Duncan cited how Chicago was on its way to the third straight annual decline in shootings and murders since a spike that attracted national attention in 2016. “While the improvement is real, this is not a ‘Mission Accomplished’ moment,” he said.

Pointing out that Chicago’s murder rate, at 20.8 for every 100,000 residents, is still more than double the murder rates of New York City and Los Angeles combined, Duncan said, “The facts are pretty clear, and the facts are pretty stark.”

“Street violence is an independent justice system,” said Teny Gross, an Israeli Defense Force veteran who nows heads the Institute for Nonviolence Chicago. “If we don’t trust the justice system, we create our own justice.

“We’ve got to restore the legitimacy of our government,” he said, adding, “We try to tell people to stop shooting. But what have we got for you? We’ve got nothing.”

Max Kapustin, of the University of Chicago Crime Lab, said the city’s murder rate in the Roaring ‘20s heyday of Al Capone was about what it is now, 20 per 100,000 residents, but topped 30 during the drug-fueled gang wars of 30 years ago. Over that time span, Chicago murder rates ran parallel with those in New York and Los Angeles, but since 1990 those two coastal cities had dramatically lowered their murder rates while Chicago had not.

Throughout the decade, Mayor Rahm Emanuel made the point that New York and Los Angeles had stricter gun laws than Chicago, a point recently echoed by his successor, Mayor Lori Lightfoot.

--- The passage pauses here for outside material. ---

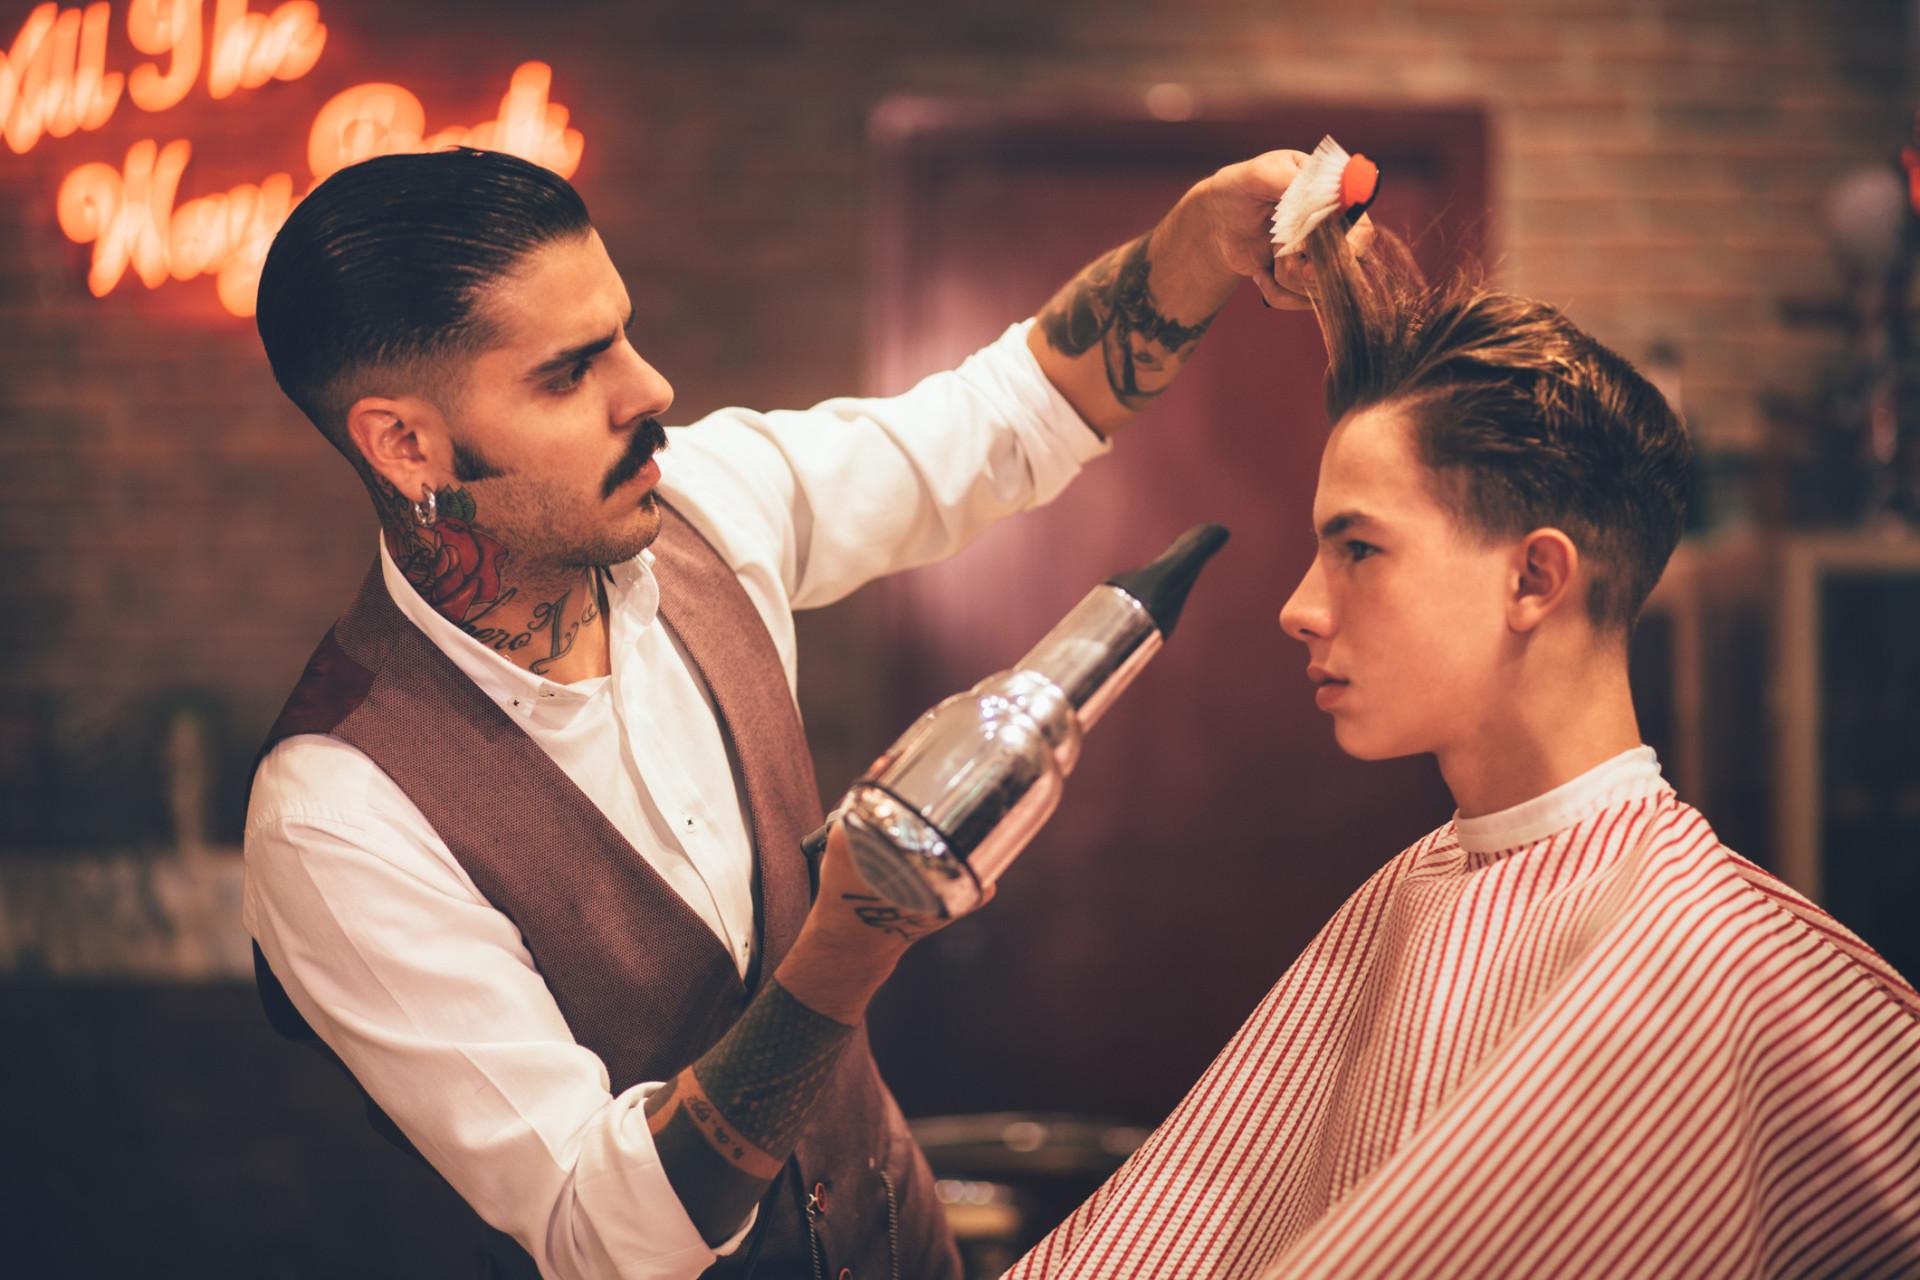 Haarverlust: Der Alptraum vieler Menschen

But Wednesday’s symposium emphasized the need for neighborhood investment, led by community groups that know the issues an area is dealing with.

“We have to heal environments and individuals,” said Eric Cumberbatch, executive director of the New York Mayor’s Office to Prevent Gun Violence.

Phillips said Chicago had allocated $11 million for neighborhood outreach to address gun violence, but that $50 million or even $100 million would do more to solve the problem.

Gross added, “If you really want black and brown people to stop shooting each other, you can’t say we don’t have the money.”

Cumberbatch said the budget for his office was $36 million. Anne Tremblay, director of the Office of Gang Reduction and Youth Development in the Los Angeles Mayor’s Office, said her budget was about $35 million. Both said that enabled them to contract community groups to address the issues. They also emphasized that adequate, assured funding meant the groups could feel comfortable working together on the same issue rather than feeling they had to fight each other for scraps.

“We’re at the beginning here,” said Susan Lee, a former Los Angeles violence expert who came to Chicago in 2016 to directly confront the city’s gun woes, and who was recently hired by Lightfoot as deputy mayor of public safety. “We hope to get where they are.”

Tremblay called for police, city administrations, and community groups to “be bold,” adding, “You can’t be afraid.” She said inevitably there’d be mistakes and missteps, especially in engaging with gang members, not all of whom are wiling to embrace reforms, but she added that the gains to be had from such initiatives produced results.

“Clearly, we need to be open-minded,” Lee said. “We are still in a crisis moment here. We are not over it.” But she added it was critical to “move forward together.”